▶ **EXERCISE OBJECTIVE**: Beginning with the line that contains "double coin rlb450" and ending with the line that contains "People dressed as", reproduce the lines of the entries below exactly, omitting pictures.

▶ **AVAILABLE DATA**:

---------------

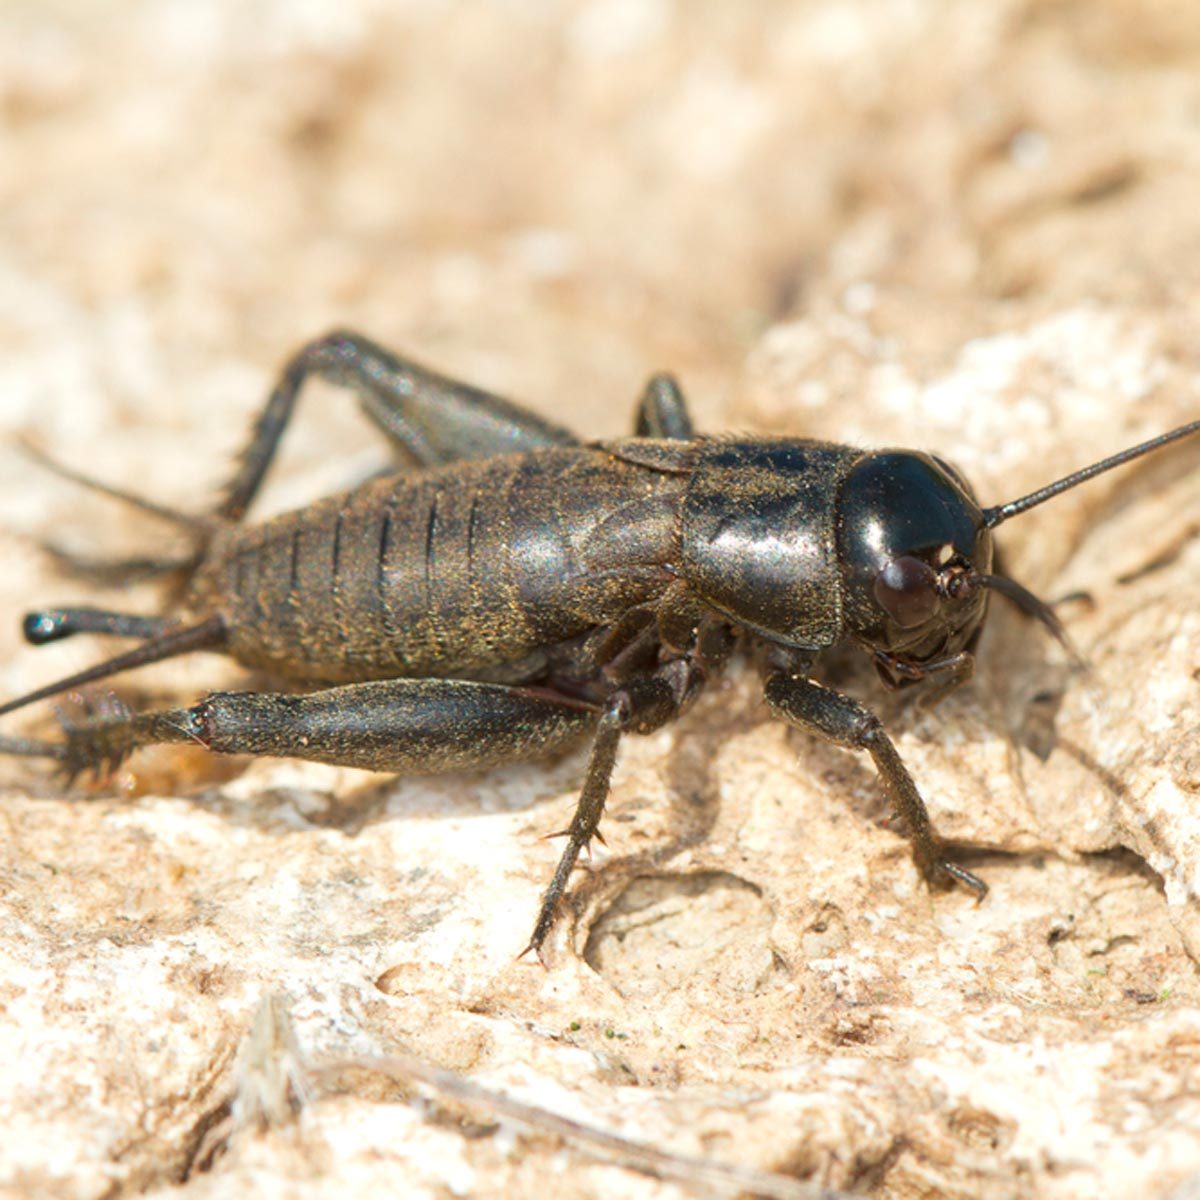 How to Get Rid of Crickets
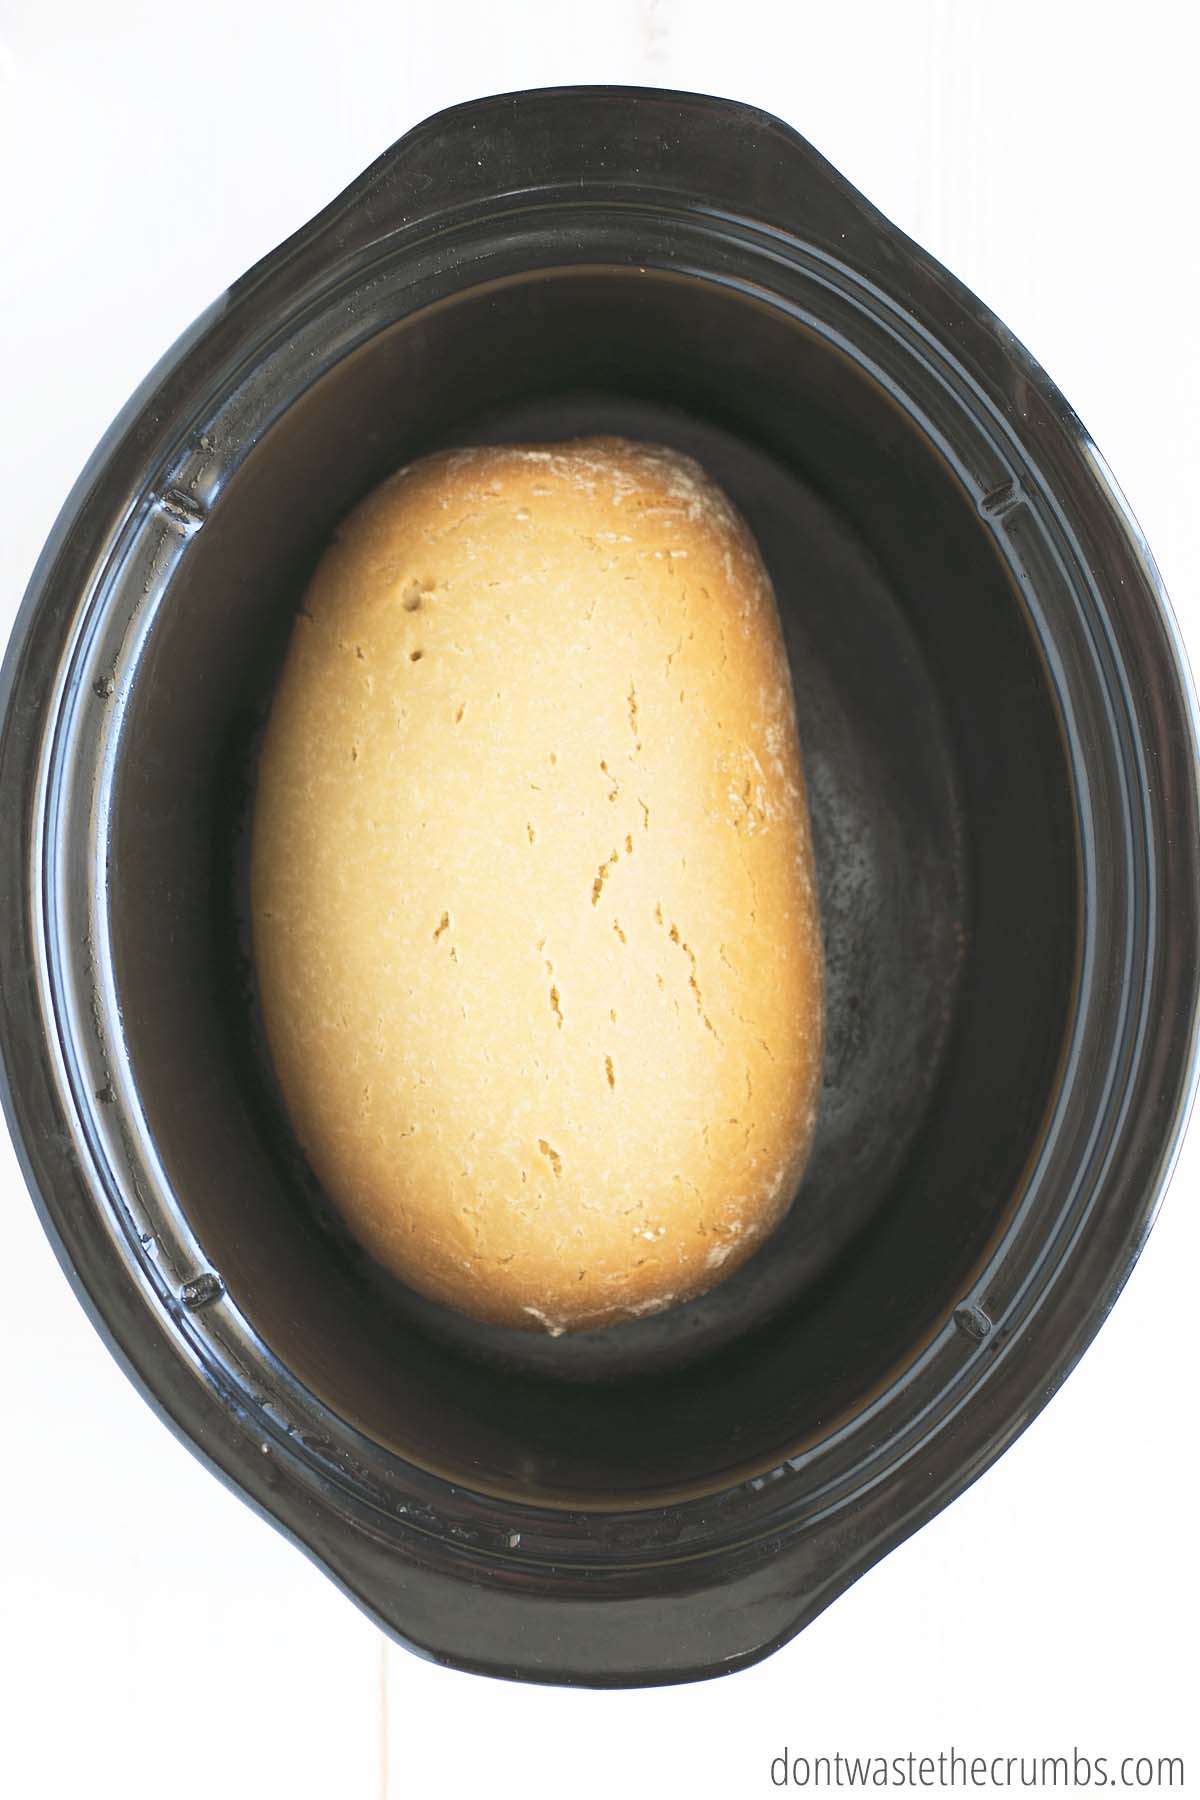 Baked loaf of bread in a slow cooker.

---------------

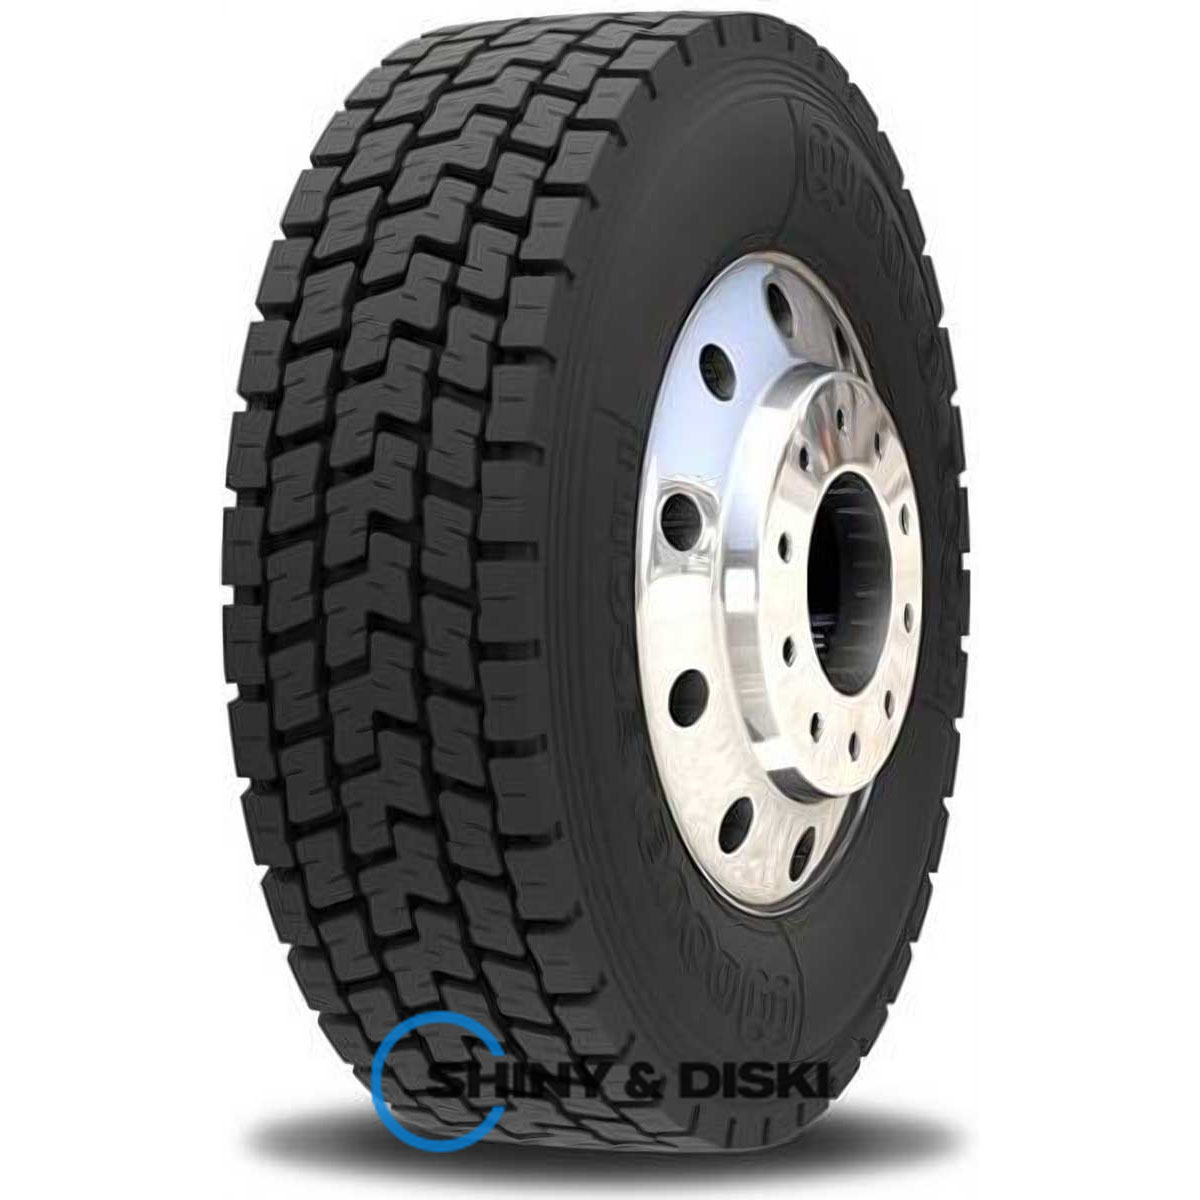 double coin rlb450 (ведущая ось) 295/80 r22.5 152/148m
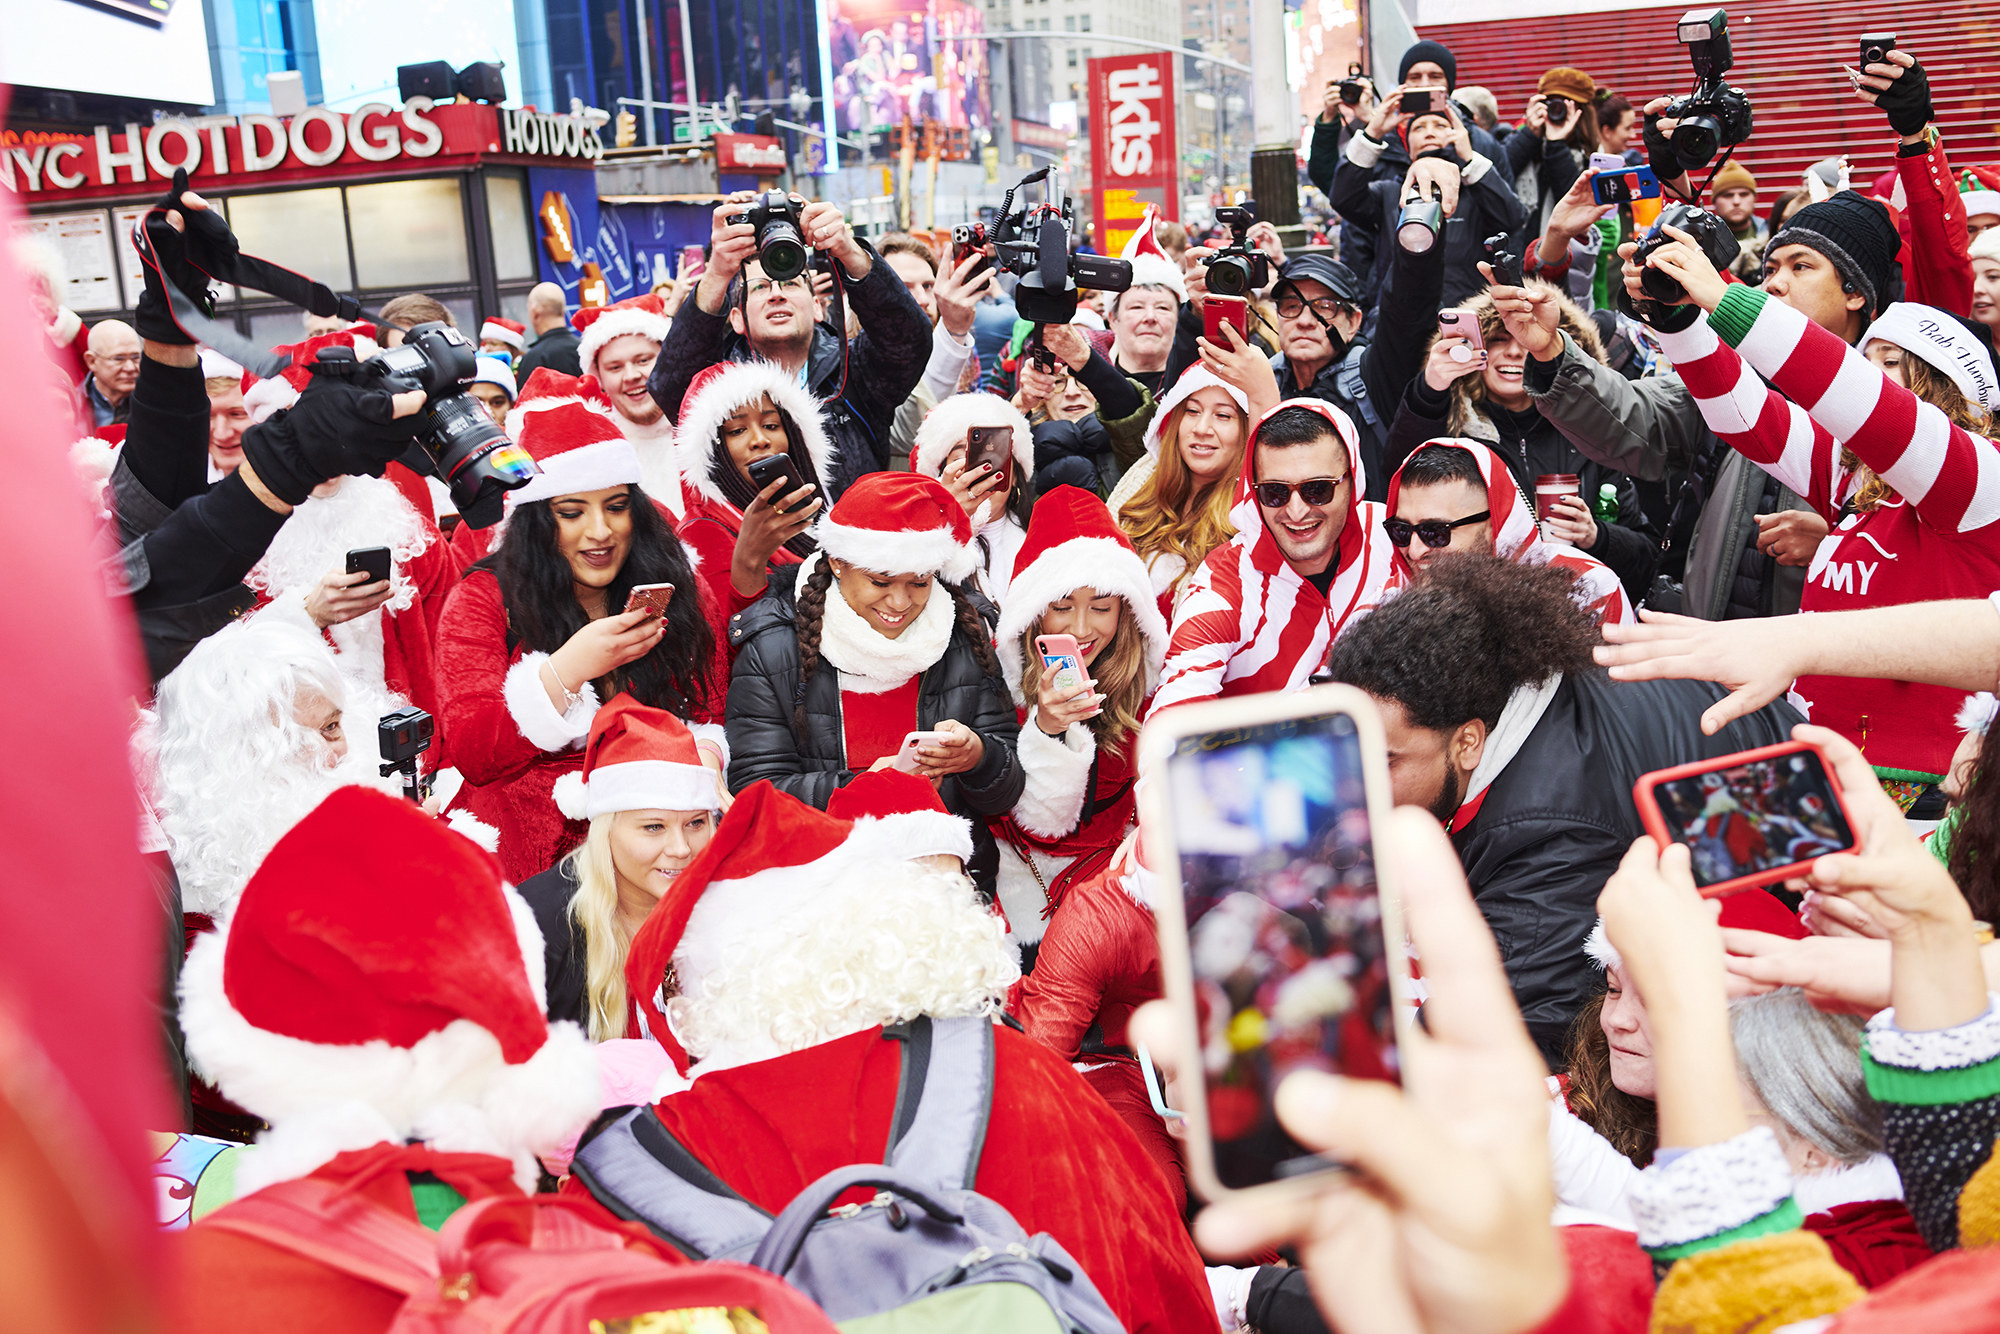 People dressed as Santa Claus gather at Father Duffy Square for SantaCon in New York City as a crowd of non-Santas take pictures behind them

---------------

▶ **RESULT BELOW**:
 double coin rlb450 (ведущая ось) 295/80 r22.5 152/148m
 People dressed as Santa Claus gather at Father Duffy Square for SantaCon in New York City as a crowd of non-Santas take pictures behind them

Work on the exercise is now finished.